Raleigh TV station ABC 11 reported live from the school board meeting in Robbins, April 17.

Parents of students in Moore County schools have been restored as partners in raising and educating their children.


The Moore County Board of Education on April 17, 2023, passed a Parents’ Bill of Rights resolution created to take down a firewall separating administrators, teachers, counselors and students from parents and legal guardians in matters of gender transitioning and related mental health issues.

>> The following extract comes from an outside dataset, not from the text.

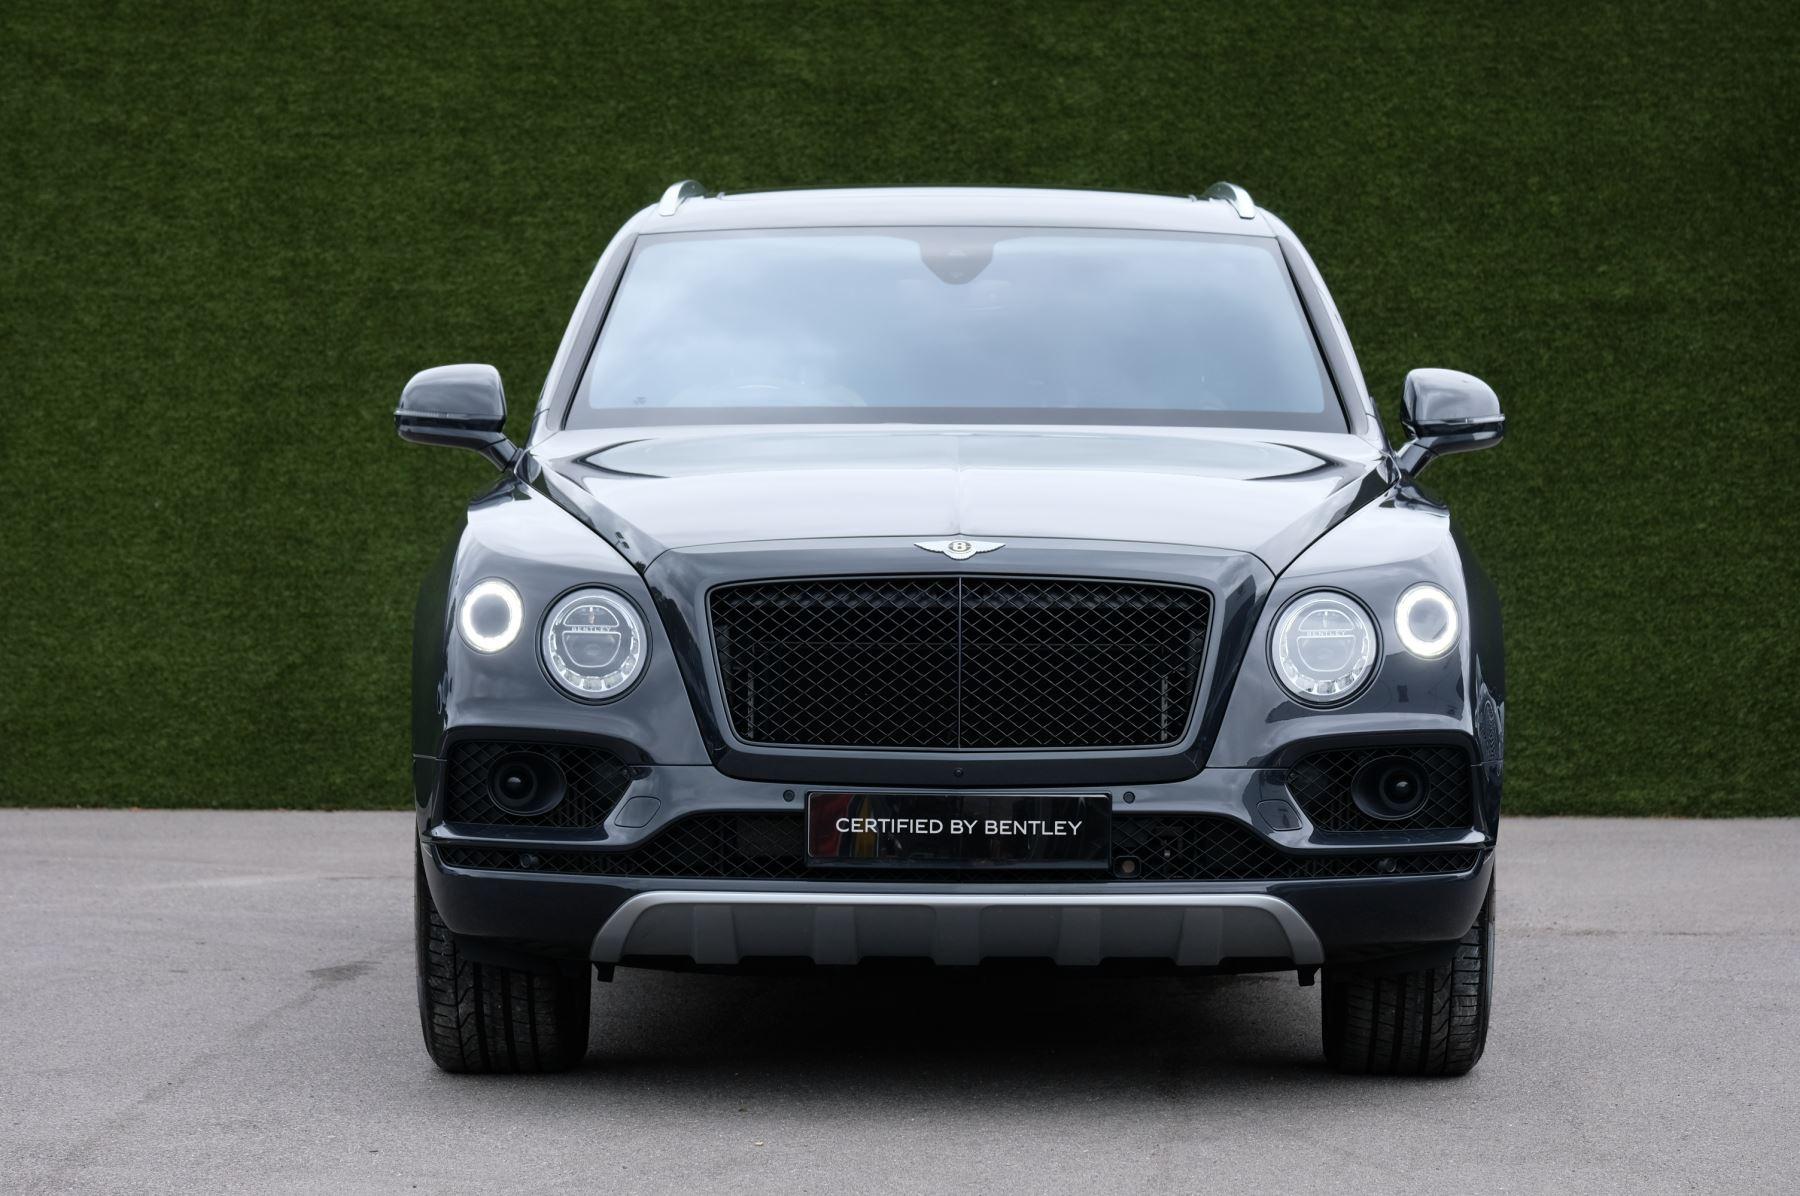 Bentley Bentayga Hybrid 3.0 V6 5dr image 2

The resolution passed, 6-1, after a meeting of more than four hours during which a vocal minority of transgender transitioned children, and some of their parents, admonished the board to reject the measure on grounds that it would make trans students vulnerable to violent parents, ridicule in school and, ultimately in extreme cases, suicide.


“I am terrified for the future of women like me,” said a boy, 16, who identifies as a girl, during public comments before the board. "This parents' bill of rights is a disgusting abuse of the democratic system."


Said a trans female, 15: "We should have a right to keep our identity secret if needed."


Amid the shrieking by a hysterical few, the Robbins Elementary School gym was mostly filled by supporters of a policy that partners parents with the public education process.


“Children belong to parents, not the state,” said Carthage resident Jim Pedersen, a well known champion of efforts to cleanse school libraries of sexually graphic, age-inappropriate books.


Hanna Parker, 22, warned high schoolers that attempting to “live a double life” — transgender at school unbeknownst to parents — “will hurt you”.


Parker, who attended with her father, William, saluted the school board's resolution as a common-sense "notification policy." The reality is, she said, "there are bad parents out there; there also are bad teachers -- nobody wants to talk about that."


William Parker ended his remarks with an thunderous, passionate prayer.


Said public speaker Wendy Crespo, “Schools and their employees are public servants. Parents have a God given right to raise their child.”